This could be because IPL and T20 cricket in general was in its budding stages. So, teams were probably learning and trying to figure out which option would be more beneficial.

However, since 2014, teams have overwhelmingly chosen to bat second. Especially since 2016, teams have chosen to field first more than 80% of the time.

Batting first requires that the team gauge the conditions and the pitch and then set a target accordingly. Chasing is less complicated, as there is a fixed target to achieve.

Conditions have also become more batsman-friendly and the skills of the batsmen have increased tremendously (read more here).

Number of Wins

We saw how teams in the recent past have chosen to bat second more than 4 out of 5 times. Did this decision transform the results? Let's see.

For wins_batting_first, the values of win_by_wickets has to be 0. Also, the result column should have a value of normal since tied matches also have win margins as 0. This condition was stored as filter1.

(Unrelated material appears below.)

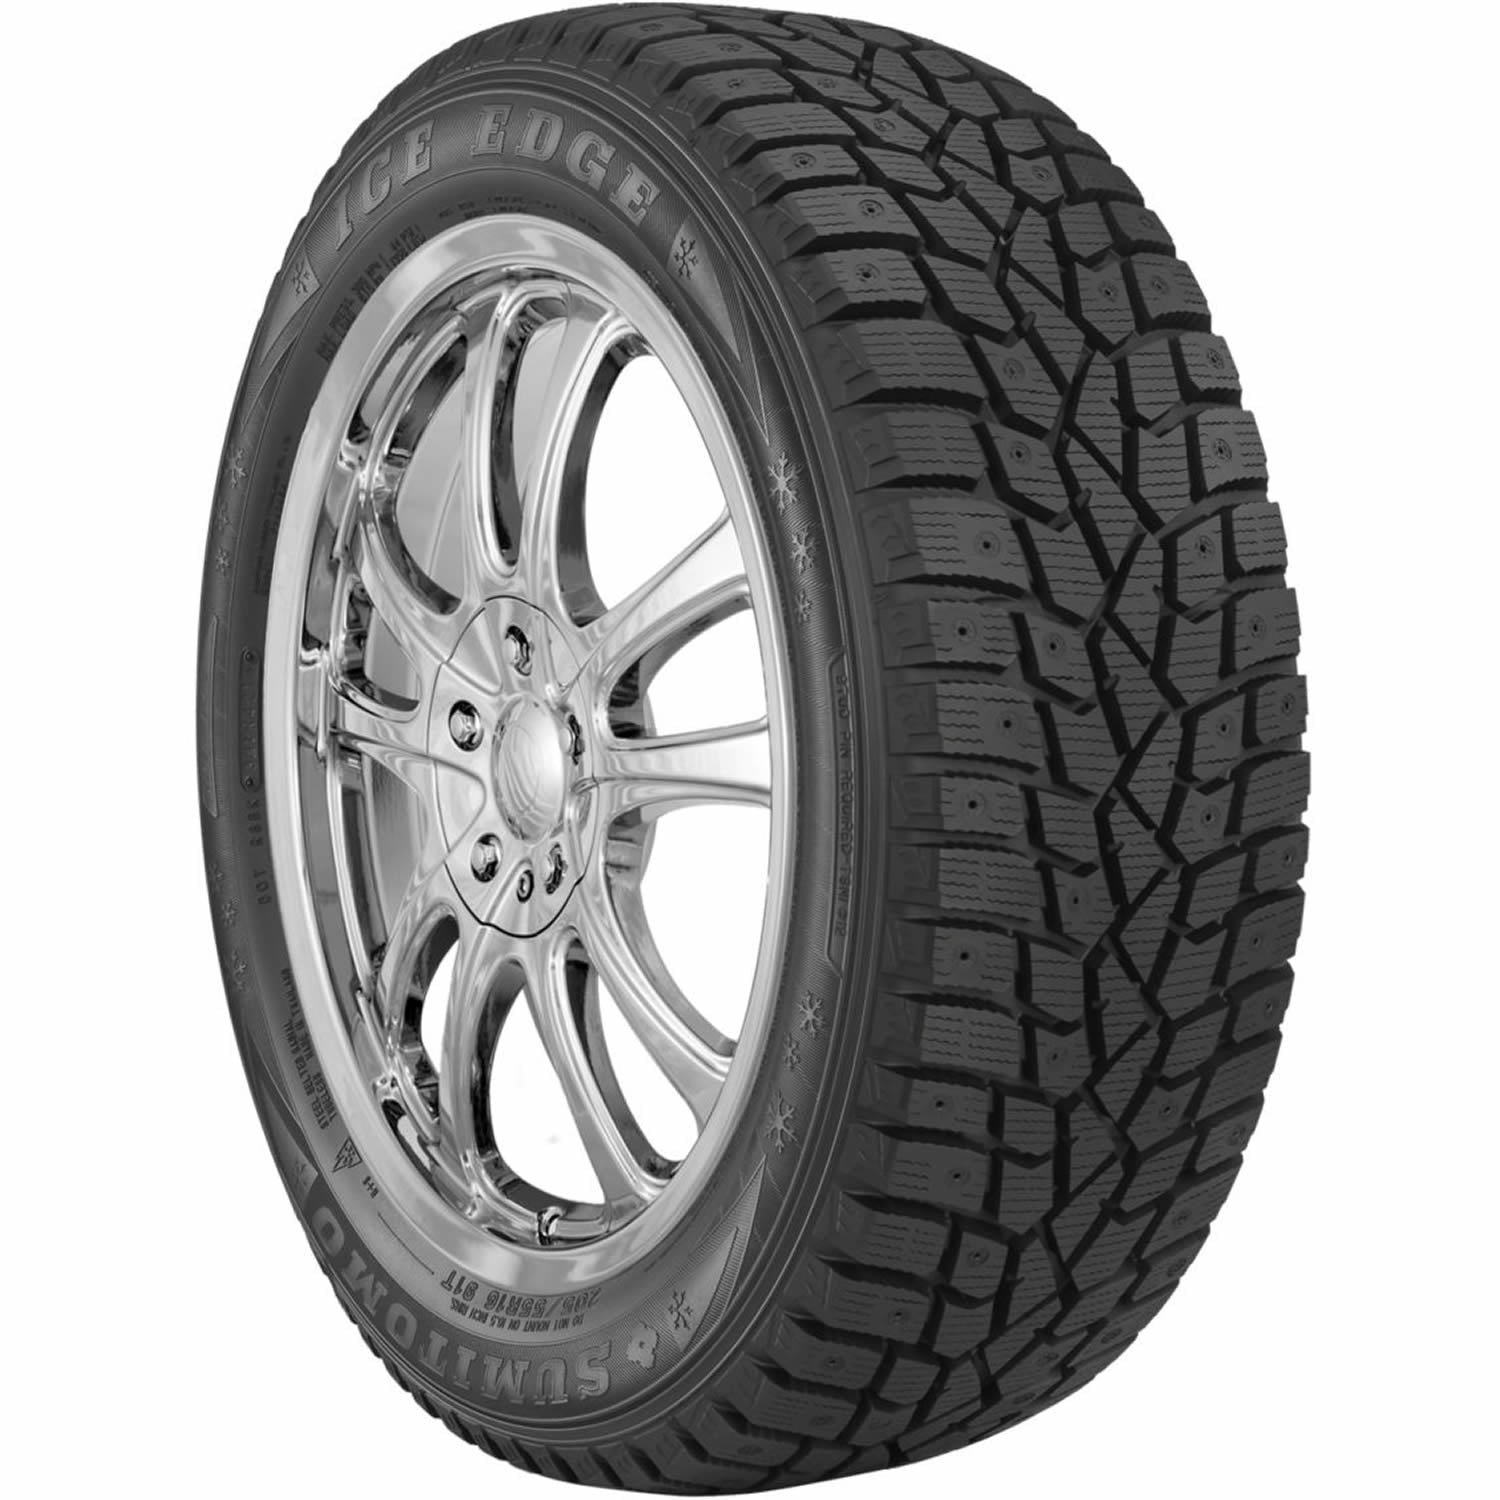 SUMITOMO ICE EDGE 265/50R20 (30.9X10.6R 20) Tires

Similarly, for wins_fielding_first, the the value of win_by_runs has to be 0 and the result column should have a value of normal. This condition was stored as filter1.

In both the series, I used count() method on winner column to find the won matches in the filtered conditions. I divided the results with matches_per_season calculated earlier to give a better understanding.

To plot these two series together, I combined them using Pandas' concat() method. I passed the two series names as a list and set the value of axis as 1. This gives us a new data frame which was stored as combined_wins_df.

Next I plotted combined_wins_df as a bar chart using plot().

We saw earlier that for 2008-2013, teams faced a conundrum whether to bat first or field first. This is partially visible in the results as well.

The wins from batting first are very close to that from fielding first. However, there is just one season where teams batting first won more, with things being equal in 2013.

Again, since 2014, things have been in favour of teams chasing except 2015. Leaving out 2015, things have been overwhelmingly in favour of teams fielding first.

So, teams choosing to field more have been justified in their decisions.

Teams with "History"

In leagues across different sports, there is always talk about teams with "history" – teams that have played the most in the league and continue to do so. Let's find those teams in the IPL.

Now, between two teams A and B, it can be "A vs B" or "B vs A", depending on how the data entry has been done. So I decided to count the total number of different values for both the team1 and team2 columns using value_counts(). Then I added them together.

I sorted the results in descending order using the sort_values() method from Pandas. The ascending parameter was set to False.

Here, I used sns.barplot() to plot the graph.

The Mumbai Indians have played the most matches. They are followed by the Royal Challengers Bangalore, Kolkata Knight Riders, Kings XI Punjab and Chennai Super Kings.

The Chennai Super Kings and Rajasthan Royals could have been higher had they not been banned.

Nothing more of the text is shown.